▶ **What this task involves**:
Your job is to set down the stretch of entries that opens with the line containing "Be Original Redmi 6 Pro Back Cover" and closes with the line containing "DMC Nova Vita". Keep both end lines, copy each exactly, and add nothing.
========================================
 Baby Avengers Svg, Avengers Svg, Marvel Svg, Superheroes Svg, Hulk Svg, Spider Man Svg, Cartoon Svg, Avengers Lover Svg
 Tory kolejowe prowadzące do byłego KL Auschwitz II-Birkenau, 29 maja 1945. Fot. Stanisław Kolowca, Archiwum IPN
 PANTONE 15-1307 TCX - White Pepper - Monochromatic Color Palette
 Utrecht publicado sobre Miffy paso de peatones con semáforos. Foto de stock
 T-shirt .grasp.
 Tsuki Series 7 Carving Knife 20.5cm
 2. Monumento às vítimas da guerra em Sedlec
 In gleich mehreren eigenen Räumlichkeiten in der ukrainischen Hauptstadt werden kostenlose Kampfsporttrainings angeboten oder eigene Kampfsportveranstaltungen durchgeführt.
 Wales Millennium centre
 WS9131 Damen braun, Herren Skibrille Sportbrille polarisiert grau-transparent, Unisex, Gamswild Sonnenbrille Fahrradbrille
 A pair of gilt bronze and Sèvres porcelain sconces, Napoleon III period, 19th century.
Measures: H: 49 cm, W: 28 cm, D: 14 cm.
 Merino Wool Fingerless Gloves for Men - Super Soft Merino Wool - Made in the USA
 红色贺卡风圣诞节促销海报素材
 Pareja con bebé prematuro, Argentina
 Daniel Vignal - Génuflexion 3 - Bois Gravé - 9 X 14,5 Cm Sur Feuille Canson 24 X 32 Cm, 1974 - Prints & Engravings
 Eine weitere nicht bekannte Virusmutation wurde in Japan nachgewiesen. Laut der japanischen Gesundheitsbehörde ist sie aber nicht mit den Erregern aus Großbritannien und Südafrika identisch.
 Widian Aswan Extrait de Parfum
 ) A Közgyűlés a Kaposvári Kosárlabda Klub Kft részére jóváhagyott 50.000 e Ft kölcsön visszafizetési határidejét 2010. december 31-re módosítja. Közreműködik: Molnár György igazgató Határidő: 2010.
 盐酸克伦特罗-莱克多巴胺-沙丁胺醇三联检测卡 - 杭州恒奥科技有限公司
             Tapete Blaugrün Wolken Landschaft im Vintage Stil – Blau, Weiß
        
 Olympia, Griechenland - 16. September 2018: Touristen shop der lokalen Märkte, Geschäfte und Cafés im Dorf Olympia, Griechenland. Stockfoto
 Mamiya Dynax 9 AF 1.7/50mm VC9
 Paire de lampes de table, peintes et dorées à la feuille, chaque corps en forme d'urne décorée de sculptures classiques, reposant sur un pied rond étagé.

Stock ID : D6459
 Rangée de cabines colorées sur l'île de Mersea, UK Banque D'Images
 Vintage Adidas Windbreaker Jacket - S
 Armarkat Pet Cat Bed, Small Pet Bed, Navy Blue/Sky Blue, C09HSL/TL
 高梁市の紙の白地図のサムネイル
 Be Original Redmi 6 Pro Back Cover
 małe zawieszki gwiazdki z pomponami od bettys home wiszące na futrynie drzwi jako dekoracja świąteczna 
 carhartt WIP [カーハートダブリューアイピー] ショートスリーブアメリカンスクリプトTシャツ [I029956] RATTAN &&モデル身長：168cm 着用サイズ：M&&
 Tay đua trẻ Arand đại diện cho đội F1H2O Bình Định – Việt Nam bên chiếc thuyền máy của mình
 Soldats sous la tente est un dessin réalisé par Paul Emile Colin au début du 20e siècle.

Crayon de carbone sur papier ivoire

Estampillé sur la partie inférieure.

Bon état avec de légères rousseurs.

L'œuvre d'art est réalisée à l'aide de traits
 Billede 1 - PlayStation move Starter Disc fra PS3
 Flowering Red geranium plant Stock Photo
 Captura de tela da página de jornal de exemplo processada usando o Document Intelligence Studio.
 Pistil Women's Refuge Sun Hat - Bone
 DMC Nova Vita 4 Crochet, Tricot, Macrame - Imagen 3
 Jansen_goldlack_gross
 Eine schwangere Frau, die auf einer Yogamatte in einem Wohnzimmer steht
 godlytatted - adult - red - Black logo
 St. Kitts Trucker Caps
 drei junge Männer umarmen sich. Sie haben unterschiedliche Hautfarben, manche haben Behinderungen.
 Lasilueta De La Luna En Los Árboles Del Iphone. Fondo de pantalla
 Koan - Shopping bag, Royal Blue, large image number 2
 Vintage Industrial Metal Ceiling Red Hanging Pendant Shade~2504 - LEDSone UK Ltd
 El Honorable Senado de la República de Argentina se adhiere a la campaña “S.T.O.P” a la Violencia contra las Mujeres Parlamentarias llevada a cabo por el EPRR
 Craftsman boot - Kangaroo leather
========================================
▶ **Expected output**:
 Be Original Redmi 6 Pro Back Cover
 małe zawieszki gwiazdki z pomponami od bettys home wiszące na futrynie drzwi jako dekoracja świąteczna 
 carhartt WIP [カーハートダブリューアイピー] ショートスリーブアメリカンスクリプトTシャツ [I029956] RATTAN &&モデル身長：168cm 着用サイズ：M&&
 Tay đua trẻ Arand đại diện cho đội F1H2O Bình Định – Việt Nam bên chiếc thuyền máy của mình
 Soldats sous la tente est un dessin réalisé par Paul Emile Colin au début du 20e siècle.

Crayon de carbone sur papier ivoire

Estampillé sur la partie inférieure.

Bon état avec de légères rousseurs.

L'œuvre d'art est réalisée à l'aide de traits
 Billede 1 - PlayStation move Starter Disc fra PS3
 Flowering Red geranium plant Stock Photo
 Captura de tela da página de jornal de exemplo processada usando o Document Intelligence Studio.
 Pistil Women's Refuge Sun Hat - Bone
 DMC Nova Vita 4 Crochet, Tricot, Macrame - Imagen 3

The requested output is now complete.